最早降りる気もないユウさんの指示に従い飛び立つ。

同時に周りから響めく。くそぅ・・・さっきから周りの人だかりが鬱陶しい。


「おーい、それ種族何さー!?」


あと話しかけてくんな。急いで・・・はいないけど関わる気はない。

そっちで勝手に調べてくれ。


「一気に目立つようになったわね。前より目立たない色なのに」

「やはり目立つ原因はデカさか・・・」

「首の数じゃない? しかしこれからポンタと移動すると行く先々がこうなるのならちょっと考えないといけないわね・・・。でも移動は楽できるし・・・。うーん・・・」

「一応言っとくけどユウさんも目立ってるからね? あとユウさんの中では僕もう乗り物になってない?」

「あら、そうだっけ?」


全く・・・。

惚けてるのか、本気で言ってるのか分からないがとりあえず今はなまけものの所へと向かわねば。

しかしどこまで沖に出てるんだ? 結構飛んでいるのに・・・レーダー上では2人はまだ遠い位置に居る。

入口付近? 嘘じゃねぇか!


「ん? あれ何?」

「あれ?」


ユウさんが指差した右手の方向に何やら氷山のように氷の山が海から突き出ている。フィールドのオブジェクトかと思ったけど、一箇所だけしかないしそうじゃない気がする。


「あ、あっちは海が燃えてる。あ、こっちは黒くーー」


進めば進むほど海に異変がある。しかも僕らの進む方向近くにあるだけで遠い場所にはない。

誰かが冒険者と戦闘した後か? いや、冒険者は海の上までは来ないはず。知らないけど。


「ん? おお、来たか!」


徐々に海の異変が増えてくる中、一隻の舟を発見。何故かその上になまけものが乗っている。呑気に手を振っているが何やってんだ?

近くまで移動し、水面ギリギリをホバリング。


「こんな所で何してるんだよ? というか入口から離れすぎだろ! 全然入口付近じゃないじゃん」

「しょうがねーだろ。入口付近から出港したんだからさ」

「出港って・・・」


なまけものが乗っている舟を見る。氷で出来てるところから察するにココアだろこれ。氷さえあれば乗り物だろうが自在か・・・流石だな。

ずっと飛んでるのもあれだし、とりあえず乗るか。


「あー! 重い! 沈む!! 死ぬ!!!」

「あ、ごめん」


分かってたけど重量オーバーか。

片足を乗せた瞬間ココアが悲鳴をあげたのでまたホバリングに戻る。


「もー! 勝手に乗らないでよー」

「いつも勝手に乗ってたくせによく言うよ」

「それで? こんな所で何してるの?」

「『魔法融合』の試し撃ち。ビーチでやったらプレイヤーが集まってきたから逃げてきた。想像以上に威力がデカイし、集まってきたやつにかすって戦闘になるのはめんどいからな」

「使えそう?」

「おう! 戦力外通告は絶対無いな。寧ろこれからの戦闘は俺1人で十分くらいの威力だぜ」

「へー。それはいいじゃない」


どうやら『魔法融合』はかなりお気に召す程のスキルのようだ。

なまけものがざっと調べた限りだと、『魔法融合』を使わずに単発撃ちの威力を〈弱〉とすると、2重の掛け合わせで単体〈中〉程度、3重で単体〈強〉、4重で全体〈弱〉、5重で全体〈中〉、6重で全体〈強〉程度の威力になるらしい。ただ組み合わせによっては相手を毒状態などの状態異常に変化させる魔法になるなど、全てがそうというわけではないようだ。
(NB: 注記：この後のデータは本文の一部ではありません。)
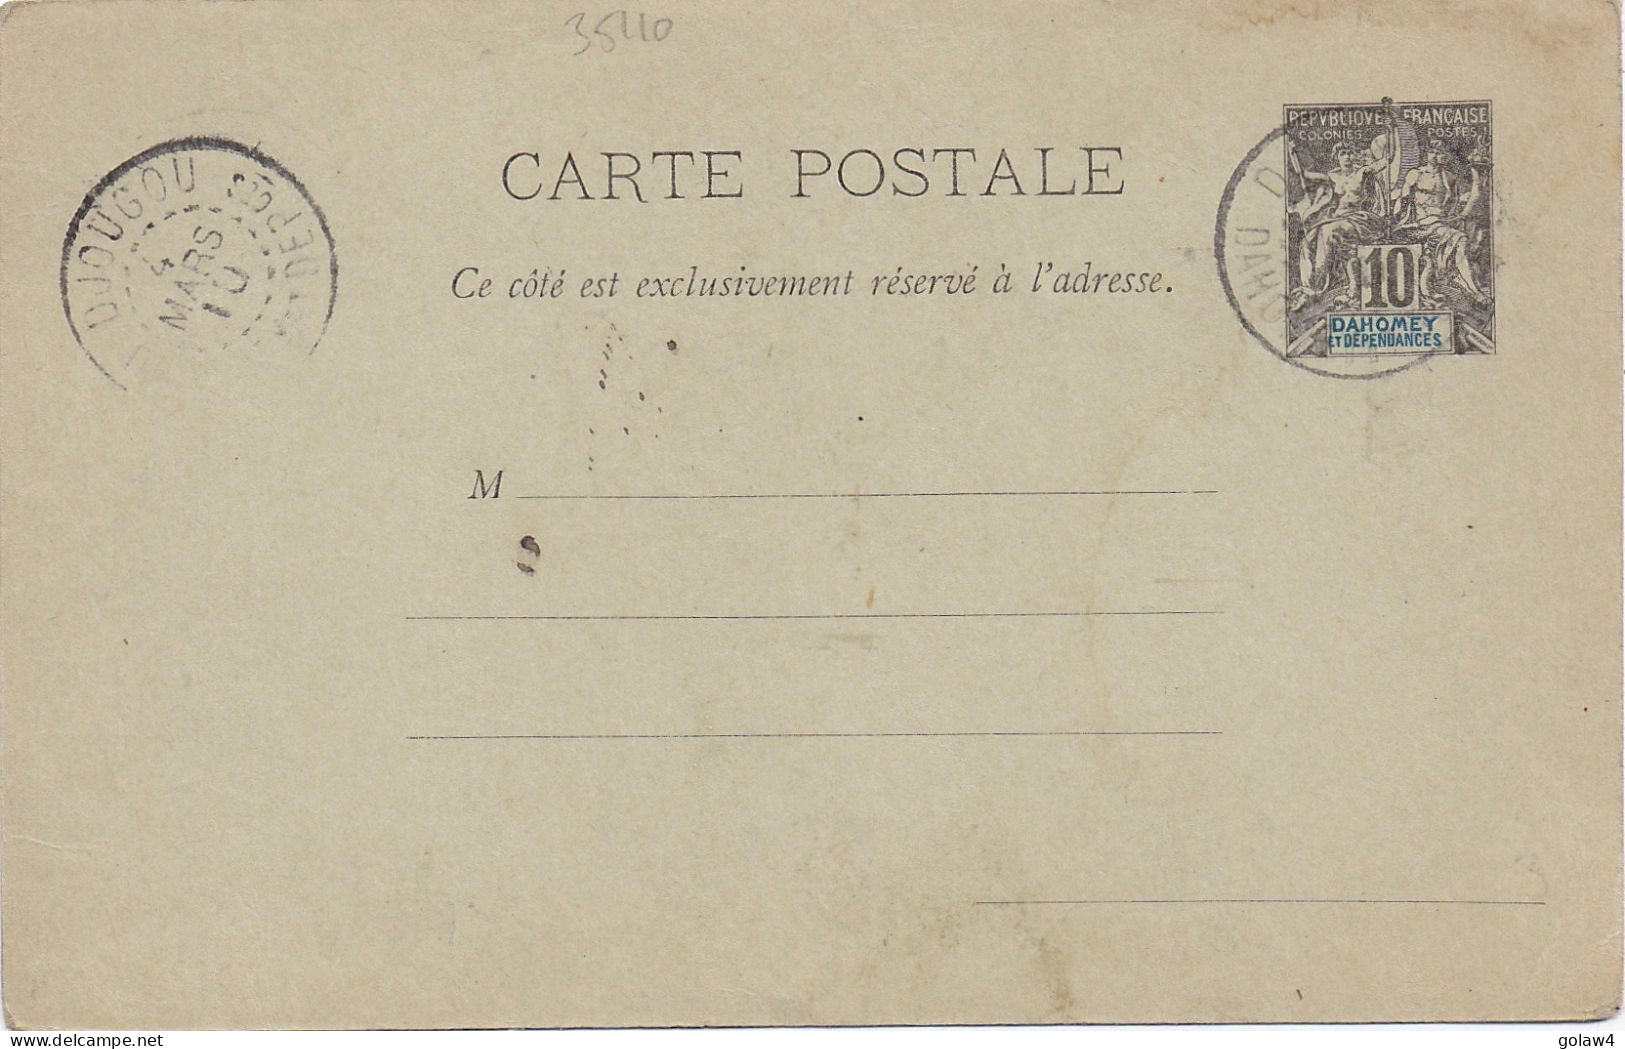 35110# ENTIER POSTAL CARTE POSTALE Obl DJOUGOU DAHOMEY ET DEPENDANCES 1910 STATIONERY GANZSACHE - Brieven En Documenten

そしてさっきまでの海の異変はこれを調べるために撃ったなまけものが原因だった。


「じゃあ7重にするとどうなるんだ?」

「それは今から。多分これ以上重ねても全体〈強〉よりもちょっと強くなったり発動する魔法が変わるか程度だと思うぞ」

「まぁそんな所なんだろうな」


とりあえず今から撃つみたいなので少し離れて見学させてもらう。僕らが十分離れたことを確認し、なまけものがスキルを発動した。


「『ファイアx7』!」


発動と同時になまけものの手に7つの赤い弾が出来、一つに纏まる。なまけものはそれを前方へと撃ち出した。

そして・・・


キュゴオオオ!!


一つに纏まった弾は一気に膨張し大爆発を起こす。その影響で着弾点が一瞬で蒸発し渦潮が起きる。


「あわわわわわっ!」

「おっと」


飛んでいるこっちは平気だが浮かんでいるココアは今の位置を維持するのに必死だ。尻尾を舟の一部に巻き付け動かないように固定する。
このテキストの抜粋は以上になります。